The Kilmeena ambush was an action during the Irish War of Independence that took place at Kilmeena, County Mayo on 19 May 1921. The ambush ended in defeat for the local West Mayo Irish Republican Army (IRA), with five IRA volunteers killed and four wounded and captured. Two members of the Royal Irish Constabulary (RIC) and one Black and Tan were also killed in the action.

==Background==
The IRA in west Mayo was relatively quiet until January 1921, when Michael Kilroy, described as, "a puritanical and ascetic blacksmith" took over command of the Brigade after Tom Derrig was arrested by the Royal Irish Constabulary. Kilroy formed a relatively large "flying column" of 40–50 men to carry out attacks on Crown forces in the area. On 6 May they suffered a reverse at Islandeady, when a police patrol came upon the IRA men cutting a road; three volunteers were killed and two captured.

==Ambush==
On 18 May 1921, the IRA decided to attack an RIC/Black and Tan convoy at Kilmeena. Two small-unit attacks were made on the RIC barracks in Newport and Westport to try to draw the police out of their well-defended barracks. One RIC man died in these attacks.

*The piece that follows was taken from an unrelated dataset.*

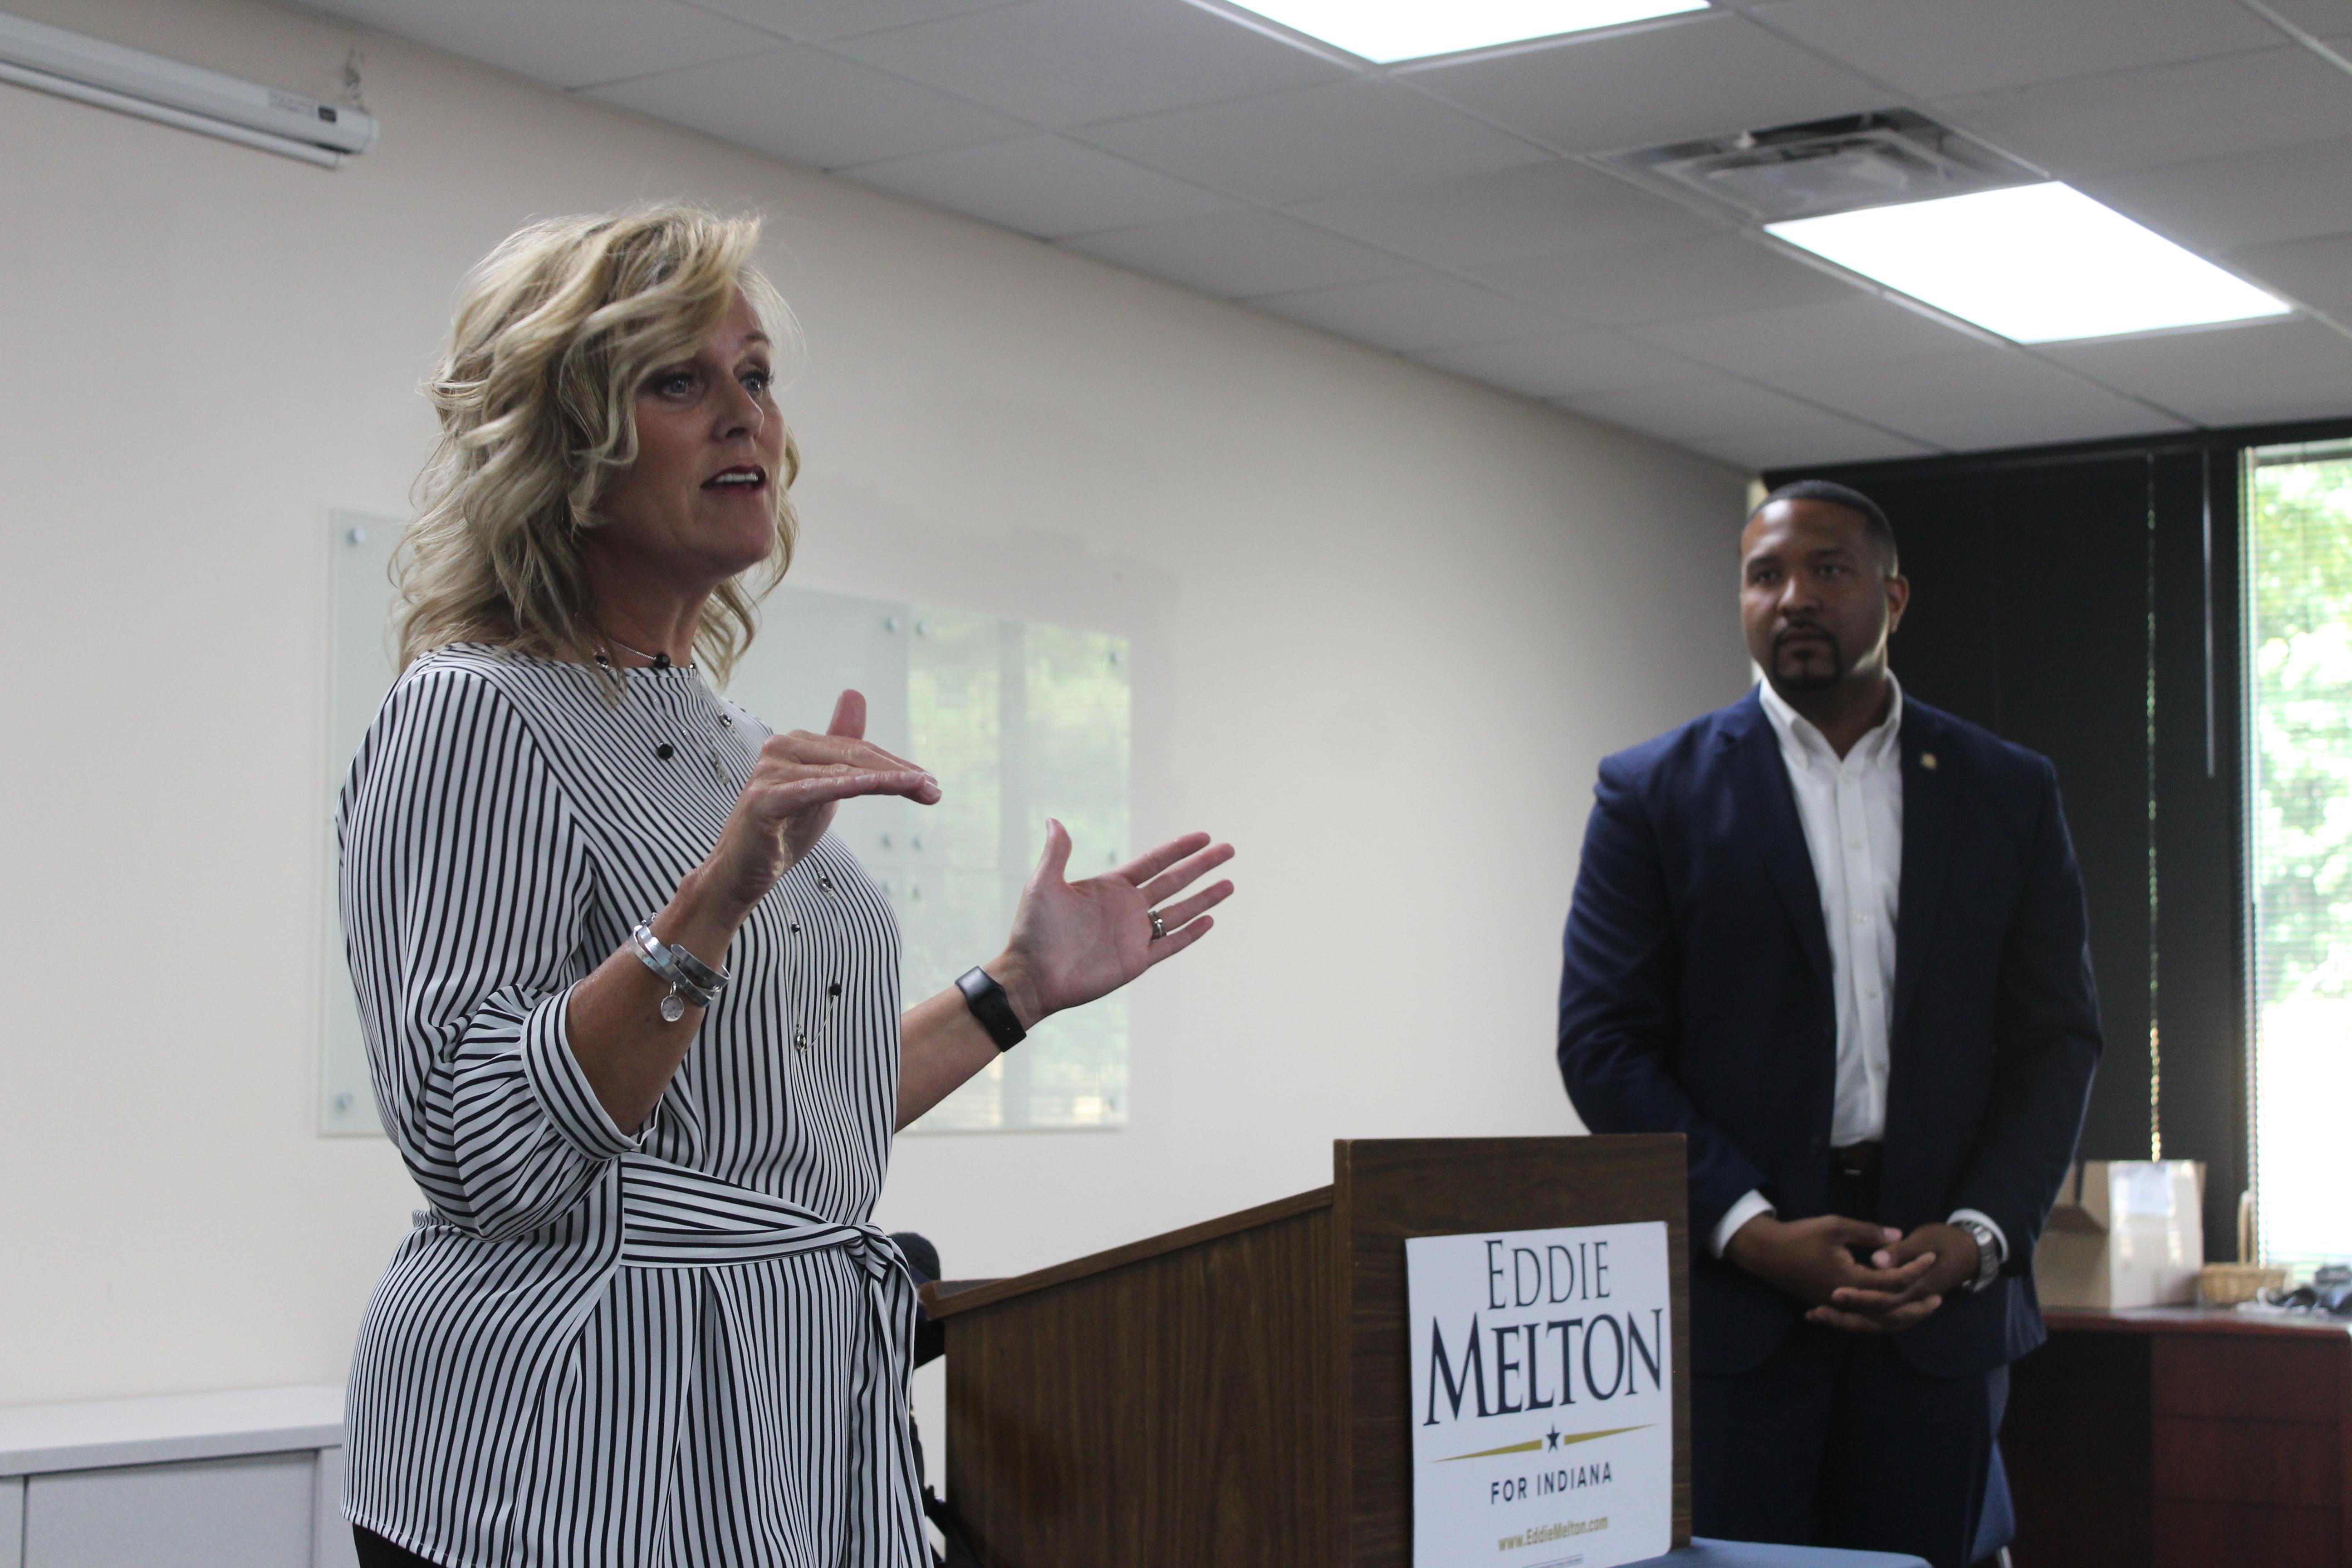 State Superintendent Jennifer McCormick speaks alongside State Senator Eddie Melton in July at their community conversation in Indianapolis.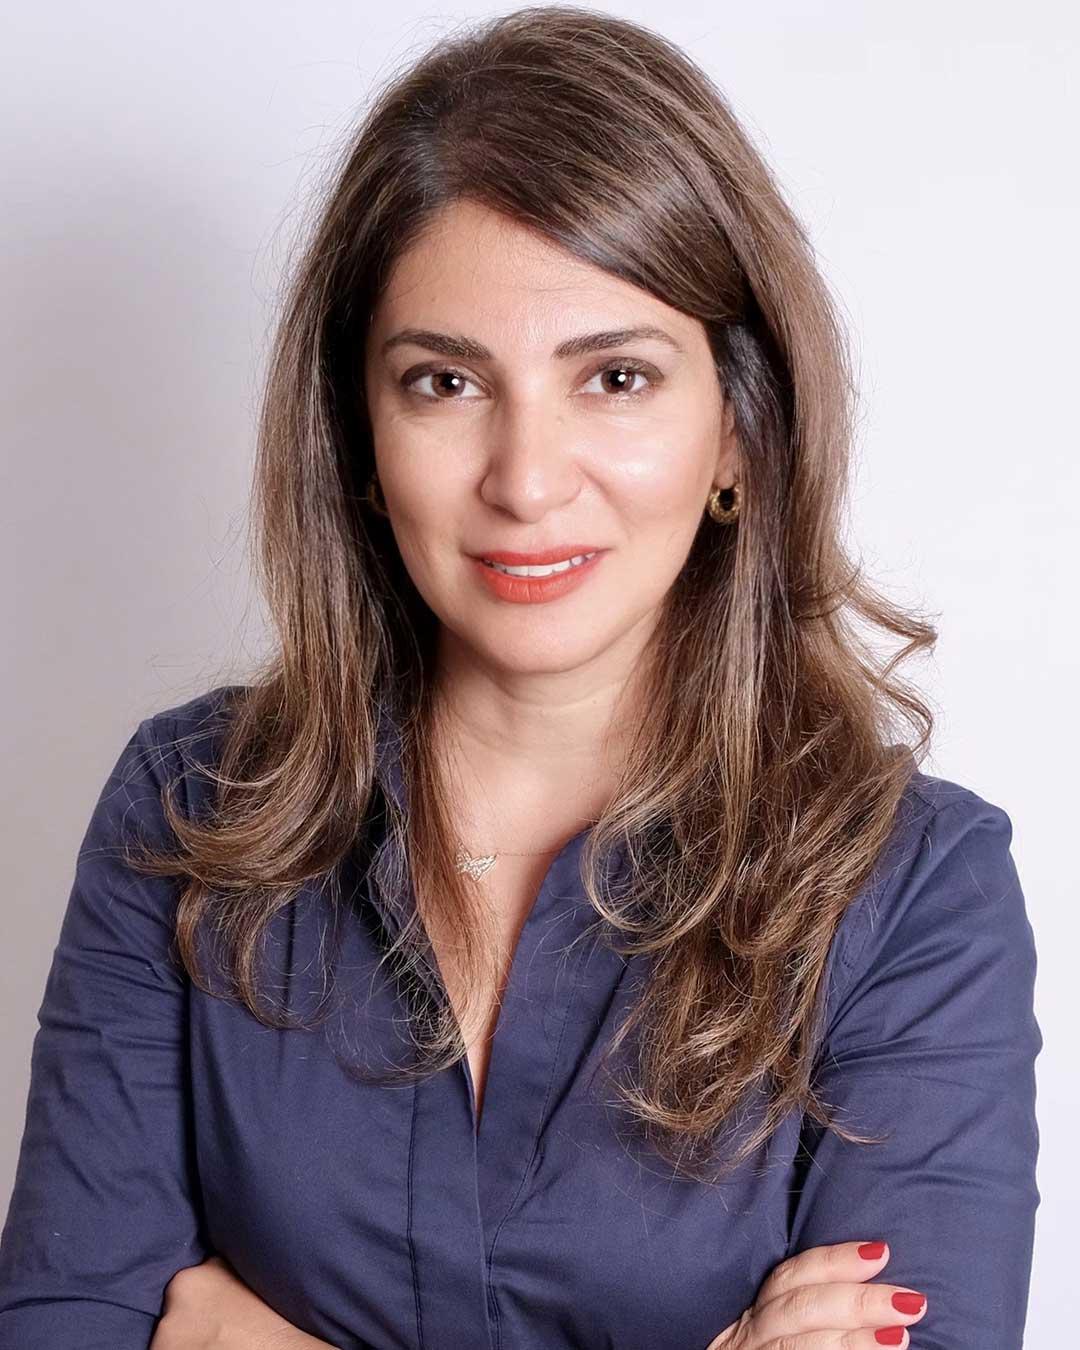 Endodontist Dr. Yaz Al-Zoubaidy

At 3am the next day, 19 May, the column of 41 IRA men took up position close to Knocknabola Bridge. The British convoy, travelling from Newport to Westport, consisted of two Crossley lorries and one Ford touring car—a total of about 30 men. The convoy did not arrive until 3pm and its arrival sparked a two-hour fire-fight. In the battle, one RIC man, Beckett, was wounded and later died. The British regrouped around the house of the parish priest, Father Conroy, and launched a counterattack.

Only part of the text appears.